1633297772 105 avfoundation swift
1633332881 112 best ide
1633375273 50 developing an app cost
Is it possible to group by term and take the max value of time ?
Upvotes: 2
Views: 169
Reputation: 649
@VitalyT,
First, if we're not specifying the pagenum
as part of the clustering order by clause of the create table construct, it would give you an error as follows:
InvalidRequest: Error from server: code=2200 [Invalid query] message="Clustering key columns must exactly match columns in CLUSTERING ORDER BY directive"
so, it has to be like as follows:
CREATE TABLE IF NOT EXISTS simple_search(
...
PRIMARY KEY (domain, term, time, engine, url, pagenum)

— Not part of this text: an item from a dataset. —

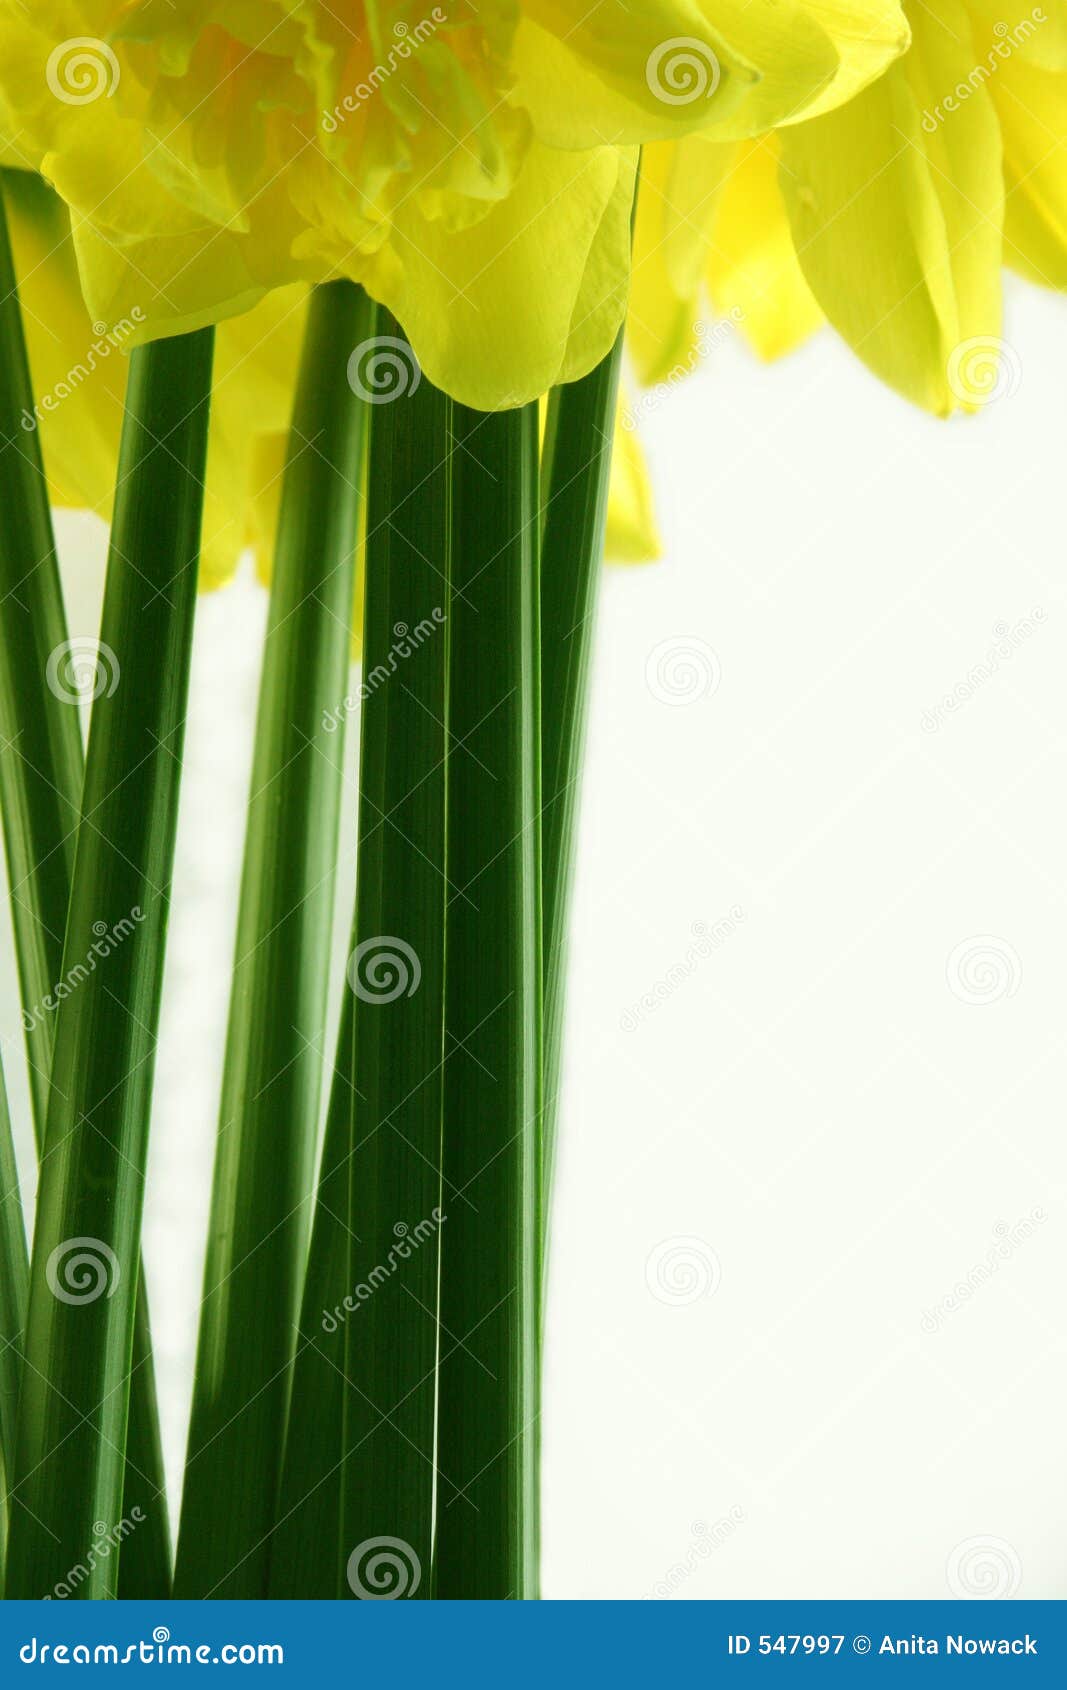 Narcyz łodygi. Kwiat kiście klimatyczne kopii mądrą narcyzy projektu Wielkanoc itd ataku kwiat wcześniej rodzaju długie narcyzów okazje płatki row wiosny wywodzącego się potrójne umiarkowanych żółty

) WITH CLUSTERING ORDER BY (term DESC, time DESC, engine DESC, url [ASC|DESC]);
Next, with the give data sample of 5 rows. Note, I assumed some values for engine
, url
, pagenum
columns as those values weren't provided in the original question:
SELECT * FROM simple_search ;
domain | term | time | engine | url | pagenum | descr | display_url | rank | title | type
--------------------+------------------------+------------+---------+------+---------+-------+-------------+------+-------+------
zerotoappstore.com | developing an app cost | 1633375273 | engine5 | url5 | 5 | null | null | 36 | null | null
zerotoappstore.com | developing an app cost | 1633365856 | engine4 | url4 | 4 | null | null | 50 | null | null
zerotoappstore.com | best ide | 1633332881 | engine3 | url3 | 3 | null | null | 119 | null | null
zerotoappstore.com | best ide | 1633315263 | engine2 | url2 | 2 | null | null | 112 | null | null
zerotoappstore.com | avfoundation swift | 1633297772 | engine1 | url1 | 1 | null | null | 105 | null | null
(5 rows)
we would get the following result if we only retrieve the MAX(time)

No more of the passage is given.